Task item - Leave the pictures out. Return the rest of the listing below exactly.

Data -
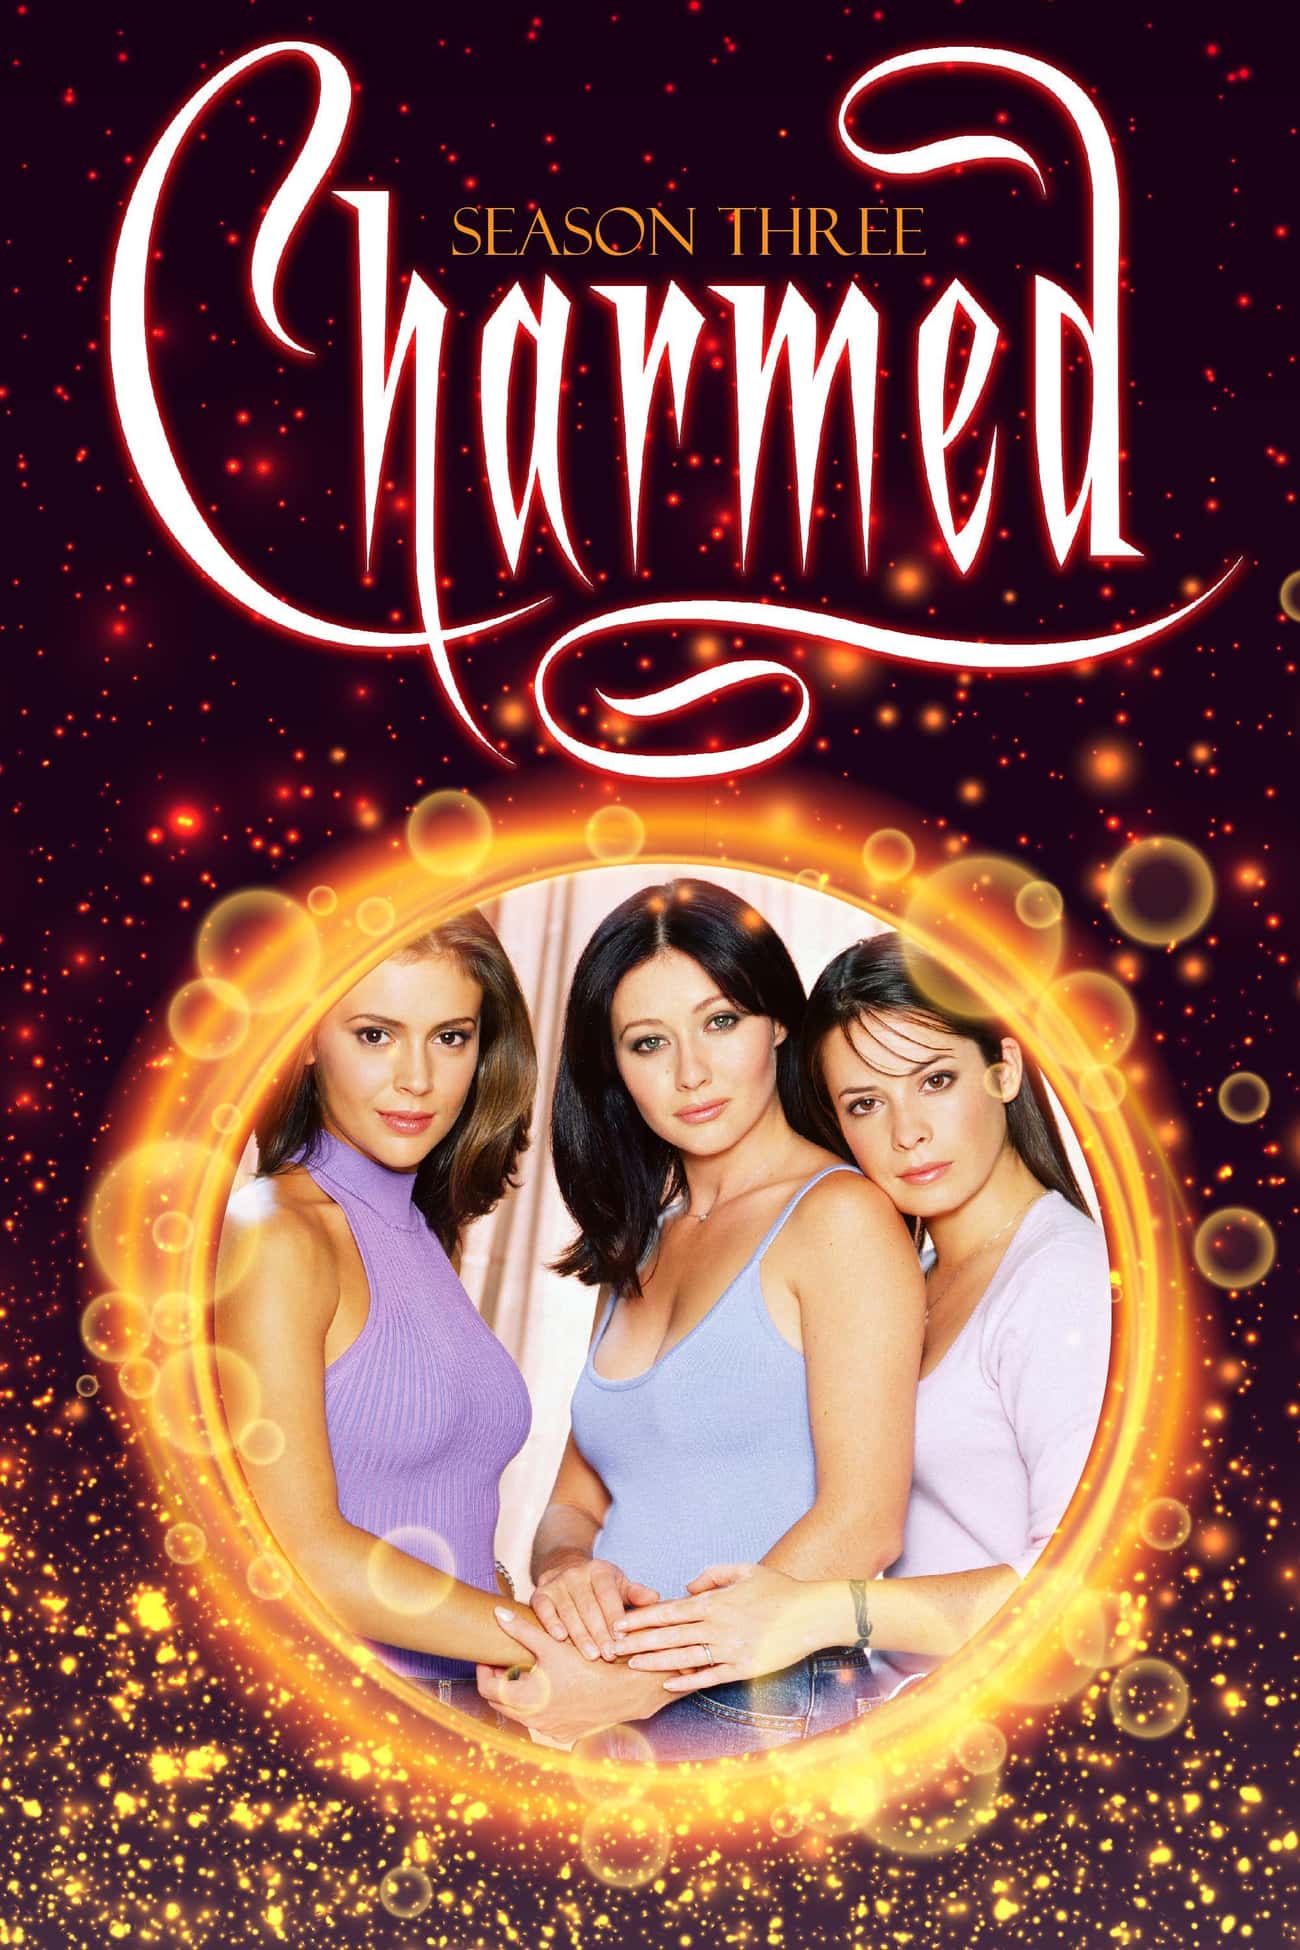 Charmed - Season 3
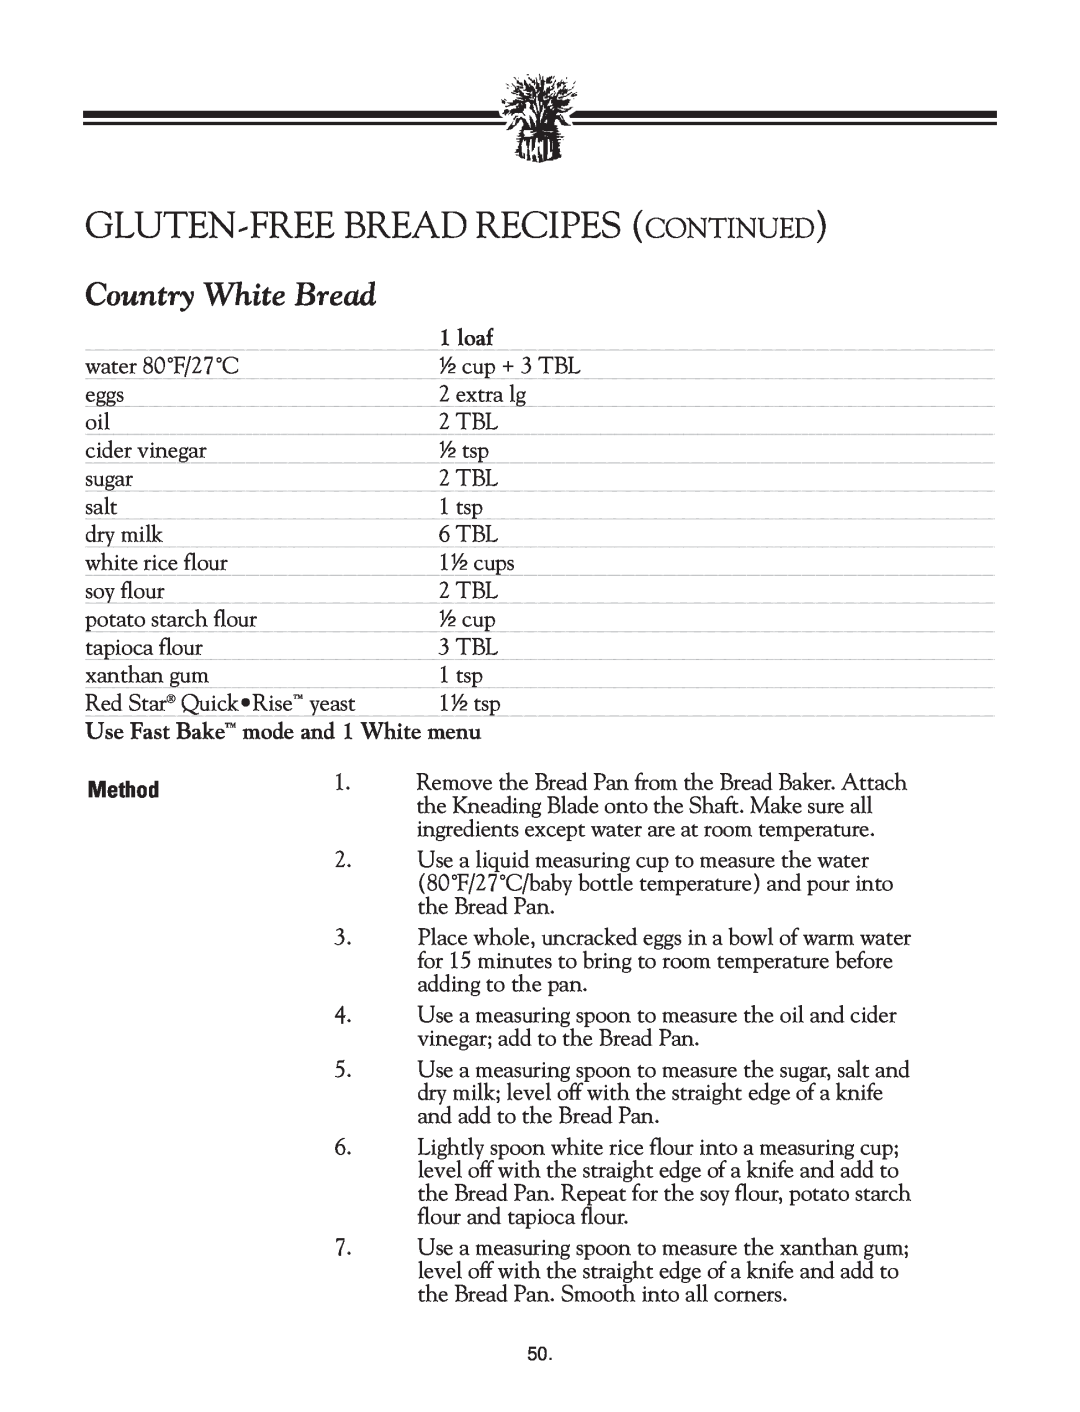 Breadman TR2828G instruction manual Gluten-Freebread Recipes Continued, Country White Bread, Method 
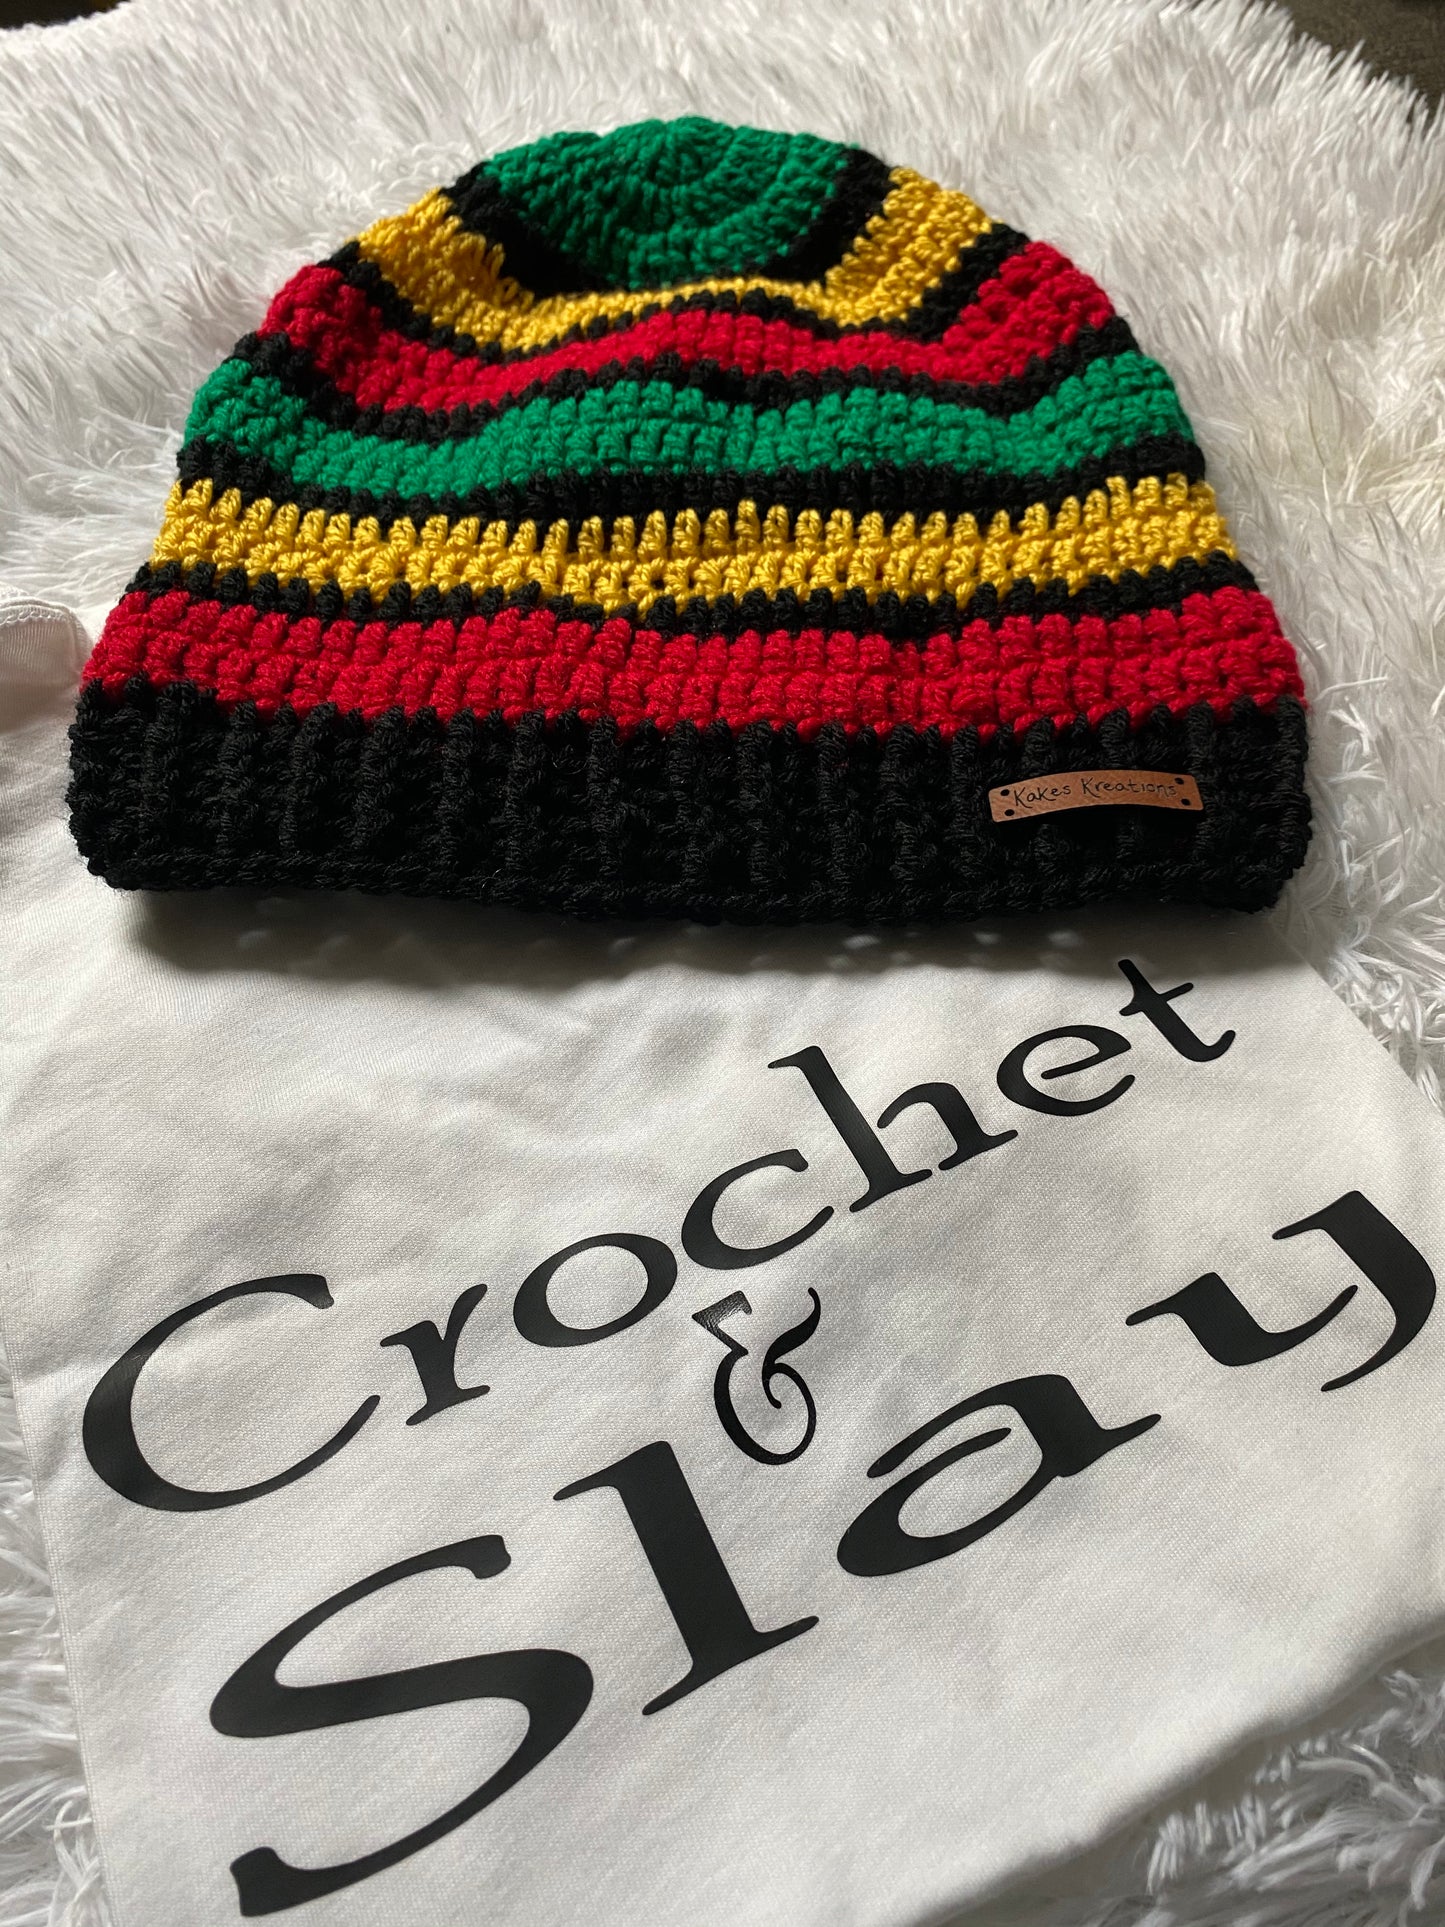 Original Crochet & Slay tee

Expected answer -
 Charmed - Season 3
 Breadman TR2828G instruction manual Gluten-Freebread Recipes Continued, Country White Bread, Method 
 Original Crochet & Slay tee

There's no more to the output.